Los dos griegos que iban conmigo me mostraron un video que habían grabado yendo de Grecia a Macedonia, donde se ve a los inmigrantes sobre la vía del tren en medio del monte, esperando el momento justo para treparse a un vagón y robar kilómetros escondidos de la policía.
Cuando los encontramos en la frontera de Serbia, estaban preguntando si nuestro tren iba a Budapest, pero tal tren, para entonces, no existía, y les dijimos que antes tenían que ir a Belgrado. La charla se cortó cuando llegó la policía de la frontera, que como su trabajo es cortar el entendimiento de los pueblos, no se fue de nuestro lado hasta que dejamos de hablar con los inmigrantes. Como si no fueron personas.

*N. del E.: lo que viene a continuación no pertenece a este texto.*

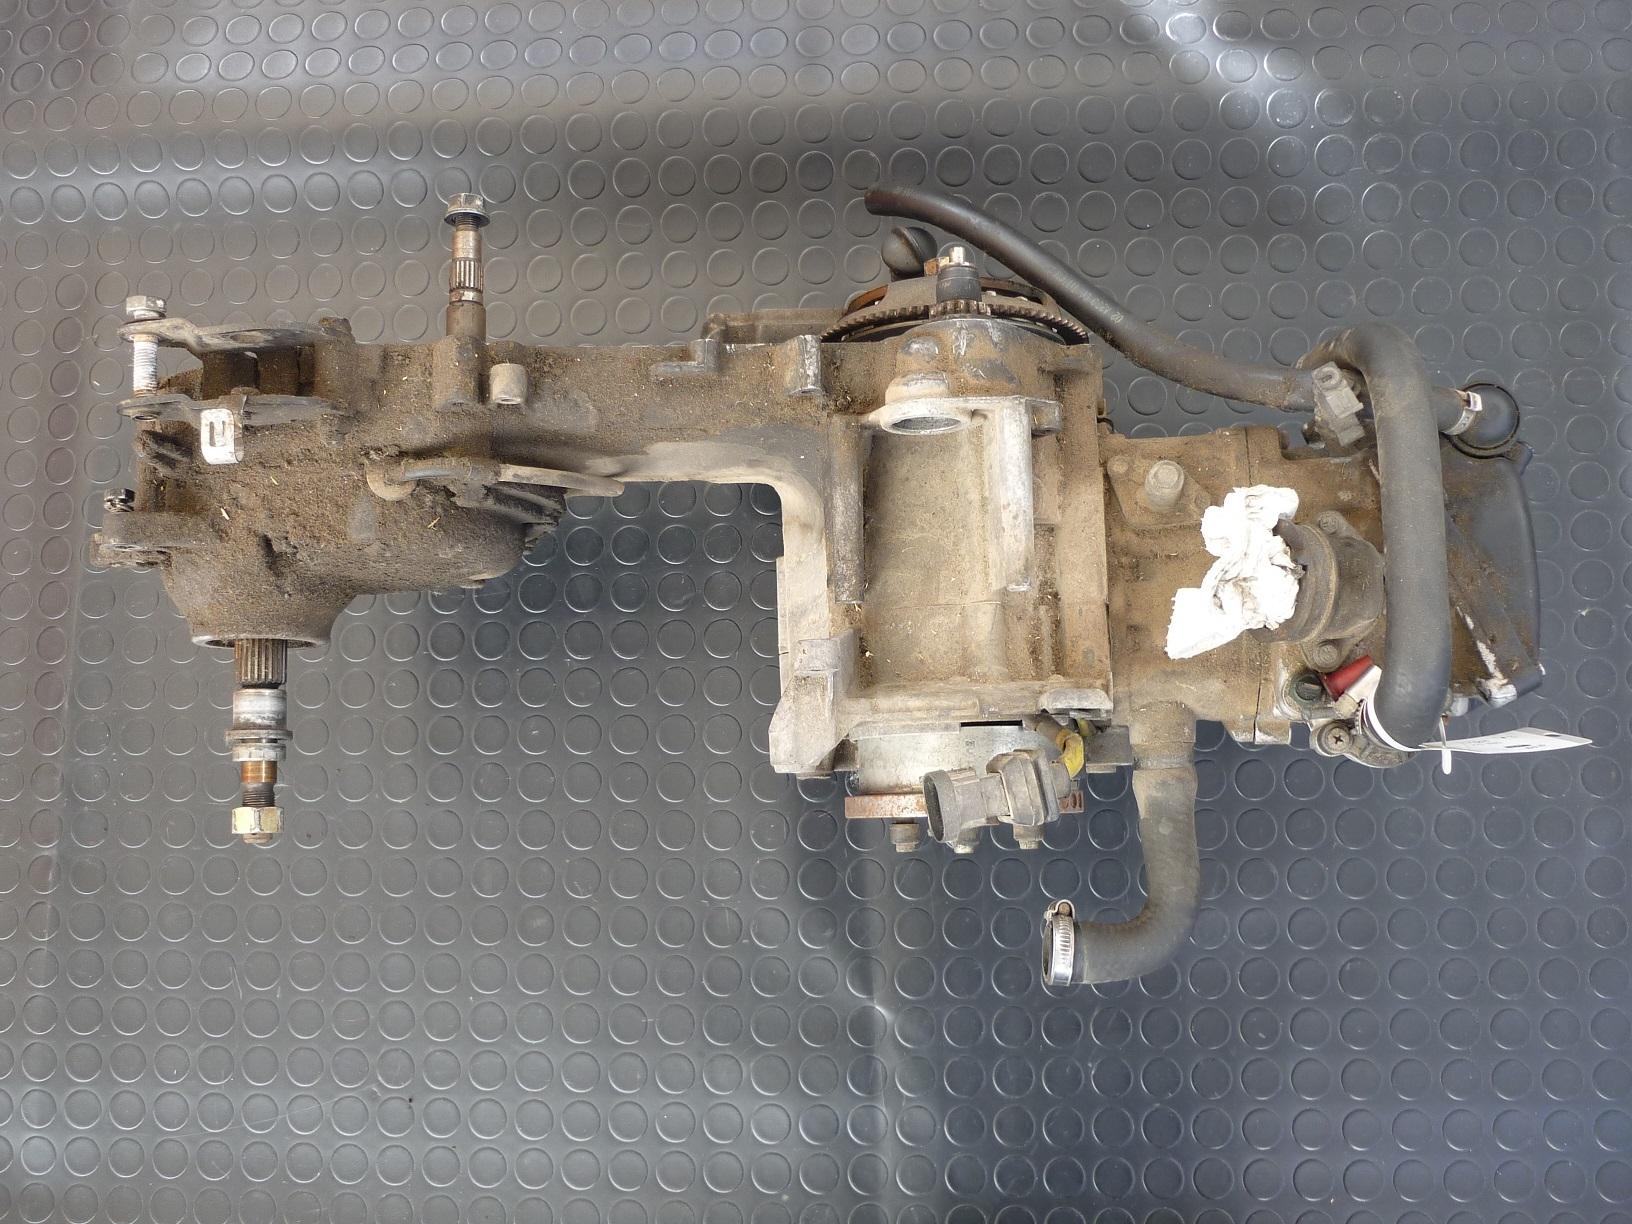 MOTORE USATO SCOOTER PIAGGIO X9 180 ANNO 2002

En la estación de Belgrado con los griegos también nos pusimos a hablar con los este amigo afgano. Esa vez sin la amabilidad de la policía de frontera.
De viaje a Budapest
En el tren de Belgrado a Budapest fui sentado con Muhrat, un sirio de al rededor de 20 años que balbuceaba palabras sueltas en inglés y otras pocas en turco. Me preguntó a donde iba. Le pregunté a dónde iba. No me supo responder. El tren iba lleno de Muhrats. El 90% de los pasajeros eran árabes que hablaban entre sí. También había, algunos menos, cincuentones, mujeres y bebés. Y estaban los que hablaban inglés, que eran los que organizaban a las personas.

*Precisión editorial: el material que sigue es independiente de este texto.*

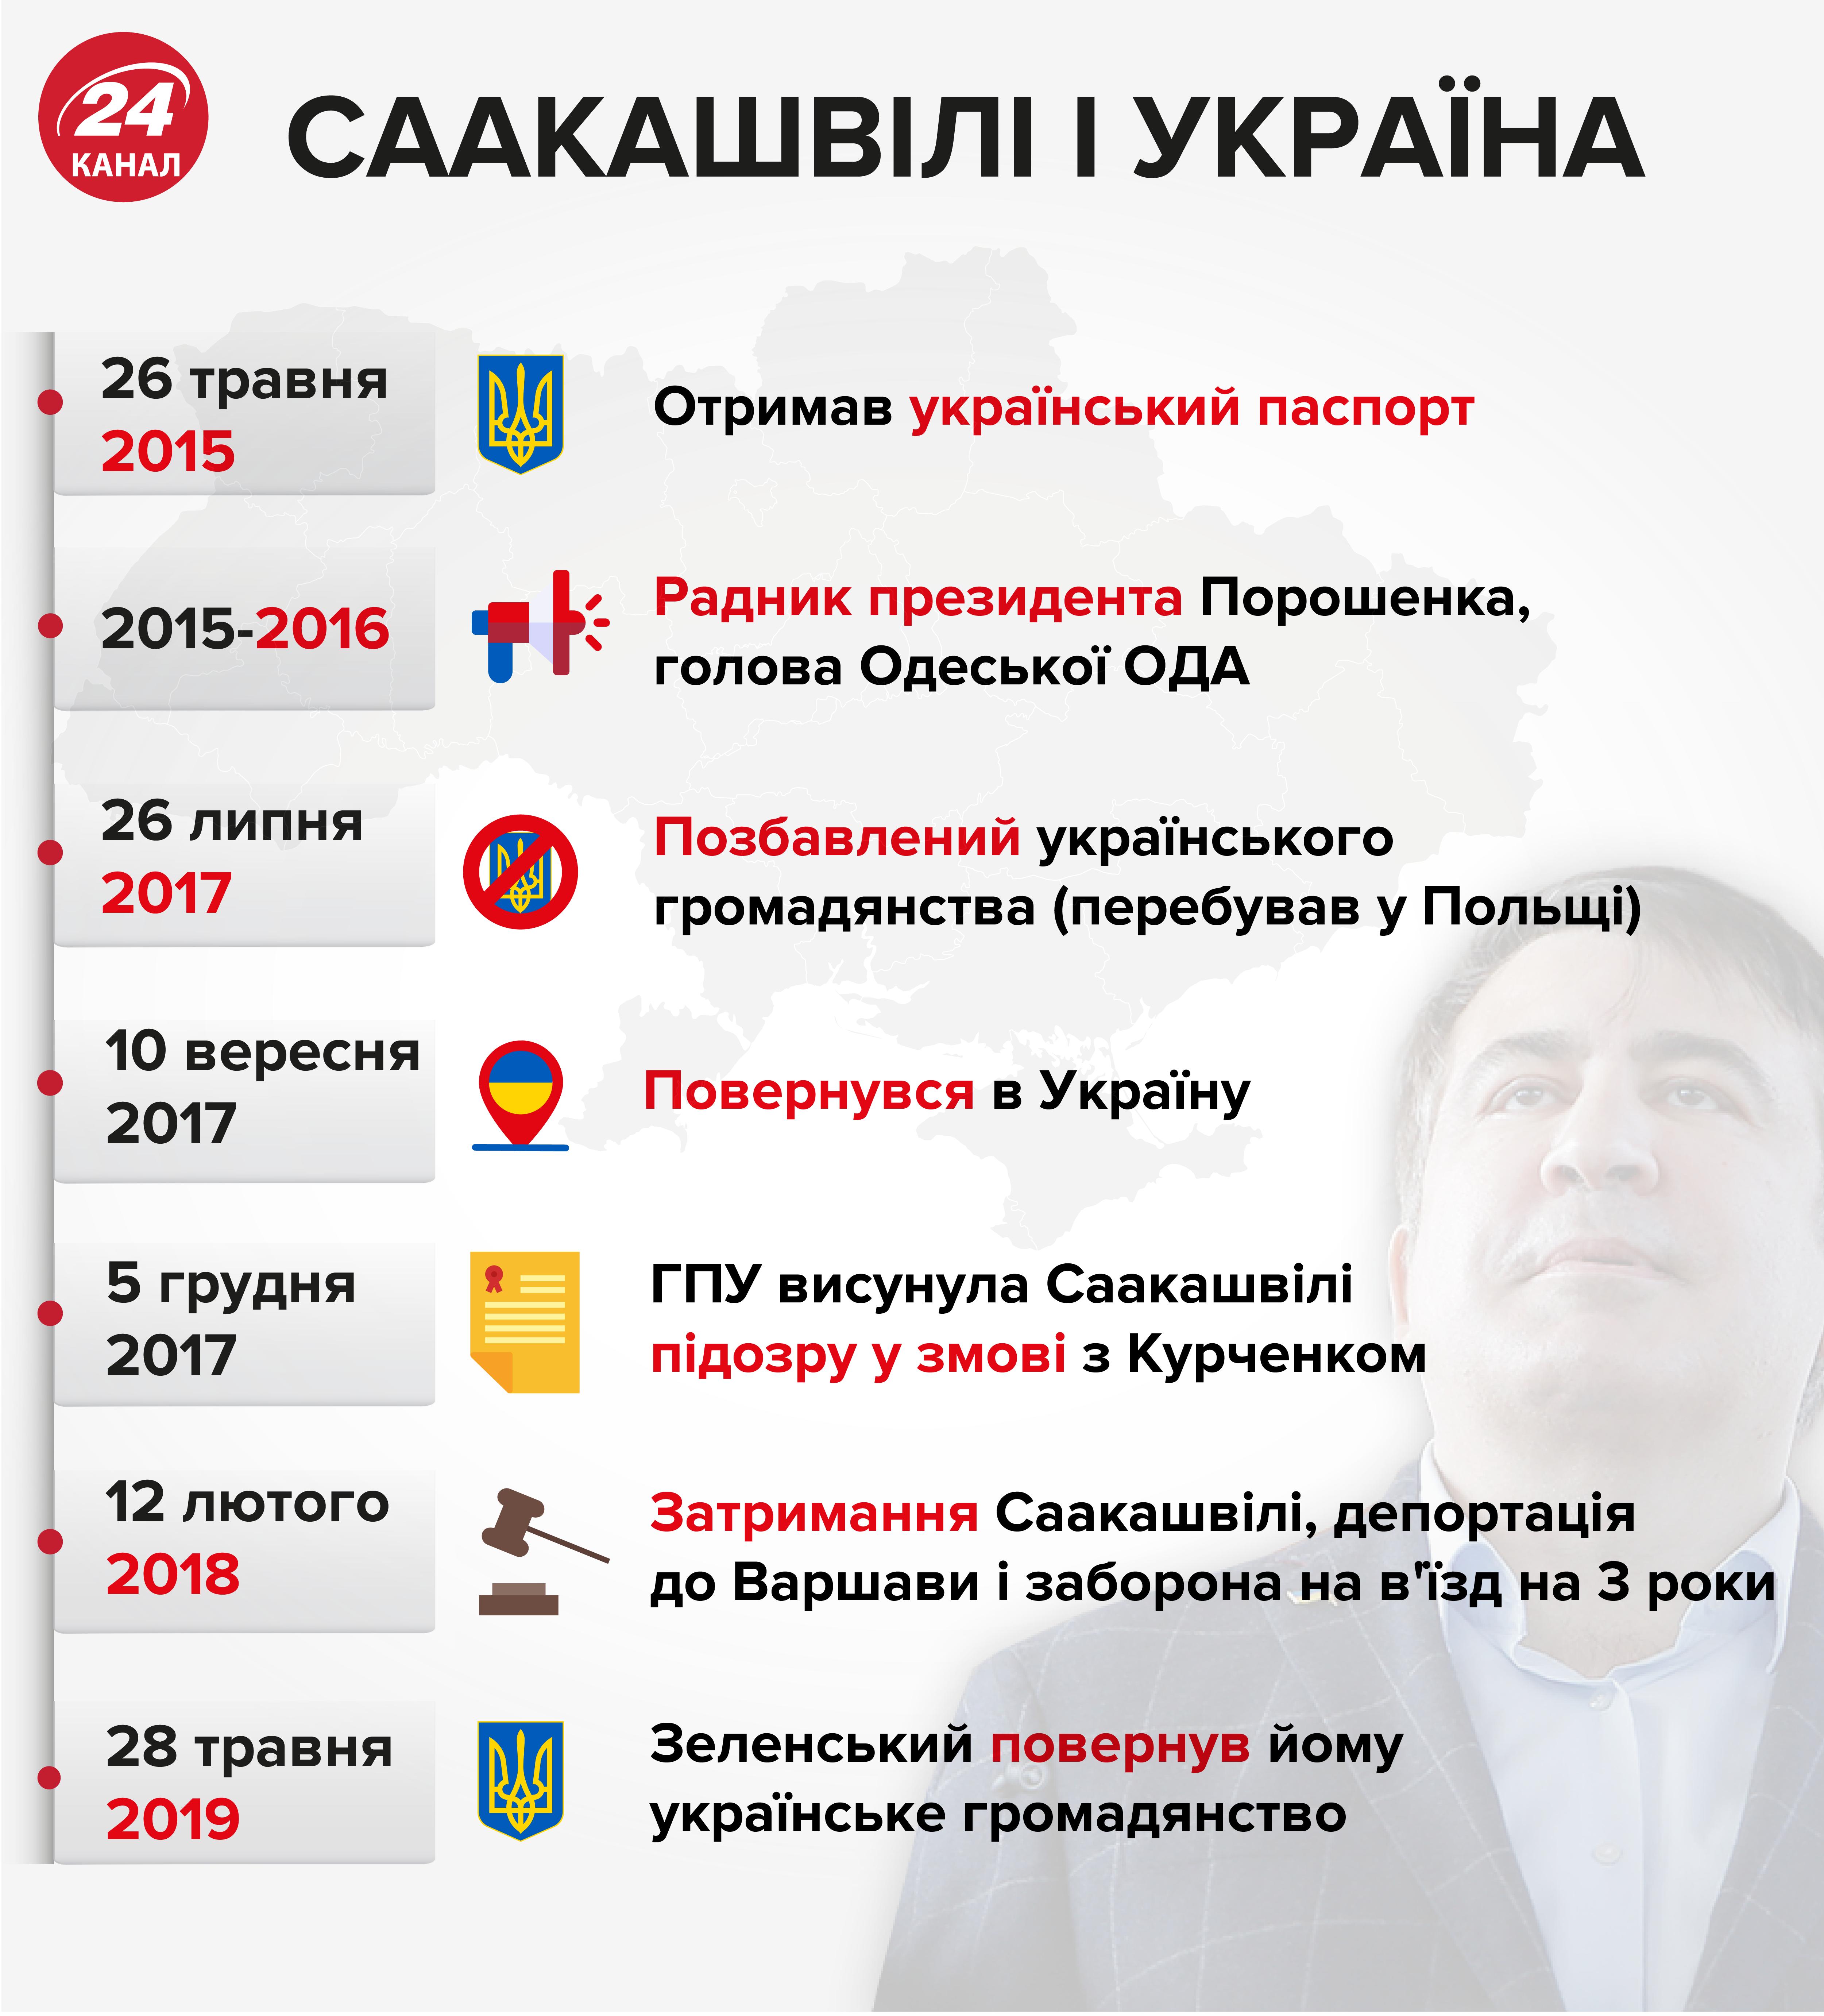 Зеленский считает, что у Саакашвили есть потенциал для поддержки правительства Украины, – ОПУ

Yo había llegado esa mañana a Belgrado, también con inmigrantes, y había visto cómo están en los alrededores de la estación, a la espera de comprar su ticket a la frontera. Cuando me subí al tren a Budapest ya era de noche y los acompañaba una vez más, esta vez en el trayecto más difícil, a la entrada a la Unión Europea. El último viaje a la frontera donde en poco tiempo los recibirá un cálido muro de bienvenida que está construyendo el gobierno húngaro.
Algunos de mis compañeros de viaje tenían celular con 3G y chequeaban la vista satelital de Google Maps en la frontera de Hungría cada tanto. Un poco de inteligencia y otro poco de nerviosismo. Todos ellos tenían su pequeña mochila con agua, y abrigo para pasar la noche caminando en el monte serbio y llegar al lado húngaro sin ser atrapados.
Todos ellos, también, llevaban la ropa nueva para ponerse cuando lleguen a la Unión Europea. «Para parecer un húngaro más», me dijo uno de ellos en Belgrado, y tirar la mochila con la ropa sucia y todo lo que todavía tengan de carga.
A las 1.40 de la madrugada perdí a mi compañero Muhrat en Subótica, la última parada del tren antes de llegar a la frontera con Hungria. No me pude despedir pero ojalá haya tenido suerte. Con Muhrat se vacío casi todo el vagón. Hasta después de ellos vino la limpiadora a llevarse sus desechos, y los húngaros y serbios que quedaron en el tren comenzaron a hablar y a sonreír aliviados. Como si la vergüenza no fuera de ellos, sino de los sirios.